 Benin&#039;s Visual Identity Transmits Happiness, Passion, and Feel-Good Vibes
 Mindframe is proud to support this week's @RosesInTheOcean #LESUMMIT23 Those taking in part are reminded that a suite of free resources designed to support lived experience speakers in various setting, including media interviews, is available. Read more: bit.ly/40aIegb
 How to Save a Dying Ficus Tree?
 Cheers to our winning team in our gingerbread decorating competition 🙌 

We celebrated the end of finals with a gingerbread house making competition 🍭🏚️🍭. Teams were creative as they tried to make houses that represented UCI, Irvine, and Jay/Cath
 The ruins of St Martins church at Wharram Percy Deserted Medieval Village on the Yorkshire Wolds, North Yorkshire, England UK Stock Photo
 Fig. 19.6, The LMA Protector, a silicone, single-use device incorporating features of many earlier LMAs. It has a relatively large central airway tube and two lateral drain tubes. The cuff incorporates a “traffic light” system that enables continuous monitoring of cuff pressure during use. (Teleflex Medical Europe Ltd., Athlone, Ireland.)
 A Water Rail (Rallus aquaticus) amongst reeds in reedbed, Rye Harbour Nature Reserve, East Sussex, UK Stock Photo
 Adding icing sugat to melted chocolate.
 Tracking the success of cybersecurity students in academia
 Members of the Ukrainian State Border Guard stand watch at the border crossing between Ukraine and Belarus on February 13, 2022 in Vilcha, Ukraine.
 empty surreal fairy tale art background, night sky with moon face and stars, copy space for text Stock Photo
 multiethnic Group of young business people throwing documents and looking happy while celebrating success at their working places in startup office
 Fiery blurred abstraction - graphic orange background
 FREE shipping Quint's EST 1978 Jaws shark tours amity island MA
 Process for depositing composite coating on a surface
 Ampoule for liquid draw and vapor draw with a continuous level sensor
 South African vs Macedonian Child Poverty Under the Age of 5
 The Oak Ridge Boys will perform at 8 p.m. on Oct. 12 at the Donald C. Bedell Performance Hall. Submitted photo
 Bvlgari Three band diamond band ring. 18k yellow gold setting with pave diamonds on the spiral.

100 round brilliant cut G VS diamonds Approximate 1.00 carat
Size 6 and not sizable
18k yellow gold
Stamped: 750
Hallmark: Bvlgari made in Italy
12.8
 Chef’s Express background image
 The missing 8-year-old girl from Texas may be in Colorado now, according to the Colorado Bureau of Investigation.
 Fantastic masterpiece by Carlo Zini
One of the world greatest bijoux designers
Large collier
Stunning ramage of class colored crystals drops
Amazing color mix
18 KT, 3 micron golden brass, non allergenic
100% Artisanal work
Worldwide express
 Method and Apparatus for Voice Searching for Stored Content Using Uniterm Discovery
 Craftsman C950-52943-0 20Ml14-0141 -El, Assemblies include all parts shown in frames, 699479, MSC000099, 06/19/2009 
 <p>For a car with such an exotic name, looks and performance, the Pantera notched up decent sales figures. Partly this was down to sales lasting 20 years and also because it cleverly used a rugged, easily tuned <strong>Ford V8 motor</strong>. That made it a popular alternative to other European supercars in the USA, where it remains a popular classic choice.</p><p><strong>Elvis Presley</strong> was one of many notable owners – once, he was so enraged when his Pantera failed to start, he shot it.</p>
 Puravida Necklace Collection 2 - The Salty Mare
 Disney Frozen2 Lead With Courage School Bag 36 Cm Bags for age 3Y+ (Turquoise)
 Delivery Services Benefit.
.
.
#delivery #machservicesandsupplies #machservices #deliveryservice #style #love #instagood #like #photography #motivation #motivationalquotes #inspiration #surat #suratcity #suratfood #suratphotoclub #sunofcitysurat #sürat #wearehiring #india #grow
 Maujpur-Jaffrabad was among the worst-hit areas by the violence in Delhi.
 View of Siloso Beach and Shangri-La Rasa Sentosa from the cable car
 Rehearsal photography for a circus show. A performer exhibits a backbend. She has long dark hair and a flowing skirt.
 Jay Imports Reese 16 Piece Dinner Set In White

━━━━━━━━━━━━━━━━━━━━

• **HOW TO COMPLETE THIS TASK**:
Output all of the data exactly as given.

• **EXPECTED OUTPUT**:
 Benin&#039;s Visual Identity Transmits Happiness, Passion, and Feel-Good Vibes
 Mindframe is proud to support this week's @RosesInTheOcean #LESUMMIT23 Those taking in part are reminded that a suite of free resources designed to support lived experience speakers in various setting, including media interviews, is available. Read more: bit.ly/40aIegb
 How to Save a Dying Ficus Tree?
 Cheers to our winning team in our gingerbread decorating competition 🙌 

We celebrated the end of finals with a gingerbread house making competition 🍭🏚️🍭. Teams were creative as they tried to make houses that represented UCI, Irvine, and Jay/Cath
 The ruins of St Martins church at Wharram Percy Deserted Medieval Village on the Yorkshire Wolds, North Yorkshire, England UK Stock Photo
 Fig. 19.6, The LMA Protector, a silicone, single-use device incorporating features of many earlier LMAs. It has a relatively large central airway tube and two lateral drain tubes. The cuff incorporates a “traffic light” system that enables continuous monitoring of cuff pressure during use. (Teleflex Medical Europe Ltd., Athlone, Ireland.)
 A Water Rail (Rallus aquaticus) amongst reeds in reedbed, Rye Harbour Nature Reserve, East Sussex, UK Stock Photo
 Adding icing sugat to melted chocolate.
 Tracking the success of cybersecurity students in academia
 Members of the Ukrainian State Border Guard stand watch at the border crossing between Ukraine and Belarus on February 13, 2022 in Vilcha, Ukraine.
 empty surreal fairy tale art background, night sky with moon face and stars, copy space for text Stock Photo
 multiethnic Group of young business people throwing documents and looking happy while celebrating success at their working places in startup office
 Fiery blurred abstraction - graphic orange background
 FREE shipping Quint's EST 1978 Jaws shark tours amity island MA
 Process for depositing composite coating on a surface
 Ampoule for liquid draw and vapor draw with a continuous level sensor
 South African vs Macedonian Child Poverty Under the Age of 5
 The Oak Ridge Boys will perform at 8 p.m. on Oct. 12 at the Donald C. Bedell Performance Hall. Submitted photo
 Bvlgari Three band diamond band ring. 18k yellow gold setting with pave diamonds on the spiral.

100 round brilliant cut G VS diamonds Approximate 1.00 carat
Size 6 and not sizable
18k yellow gold
Stamped: 750
Hallmark: Bvlgari made in Italy
12.8
 Chef’s Express background image
 The missing 8-year-old girl from Texas may be in Colorado now, according to the Colorado Bureau of Investigation.
 Fantastic masterpiece by Carlo Zini
One of the world greatest bijoux designers
Large collier
Stunning ramage of class colored crystals drops
Amazing color mix
18 KT, 3 micron golden brass, non allergenic
100% Artisanal work
Worldwide express
 Method and Apparatus for Voice Searching for Stored Content Using Uniterm Discovery
 Craftsman C950-52943-0 20Ml14-0141 -El, Assemblies include all parts shown in frames, 699479, MSC000099, 06/19/2009 
 <p>For a car with such an exotic name, looks and performance, the Pantera notched up decent sales figures. Partly this was down to sales lasting 20 years and also because it cleverly used a rugged, easily tuned <strong>Ford V8 motor</strong>. That made it a popular alternative to other European supercars in the USA, where it remains a popular classic choice.</p><p><strong>Elvis Presley</strong> was one of many notable owners – once, he was so enraged when his Pantera failed to start, he shot it.</p>
 Puravida Necklace Collection 2 - The Salty Mare
 Disney Frozen2 Lead With Courage School Bag 36 Cm Bags for age 3Y+ (Turquoise)
 Delivery Services Benefit.
.
.
#delivery #machservicesandsupplies #machservices #deliveryservice #style #love #instagood #like #photography #motivation #motivationalquotes #inspiration #surat #suratcity #suratfood #suratphotoclub #sunofcitysurat #sürat #wearehiring #india #grow
 Maujpur-Jaffrabad was among the worst-hit areas by the violence in Delhi.
 View of Siloso Beach and Shangri-La Rasa Sentosa from the cable car
 Rehearsal photography for a circus show. A performer exhibits a backbend. She has long dark hair and a flowing skirt.
 Jay Imports Reese 16 Piece Dinner Set In White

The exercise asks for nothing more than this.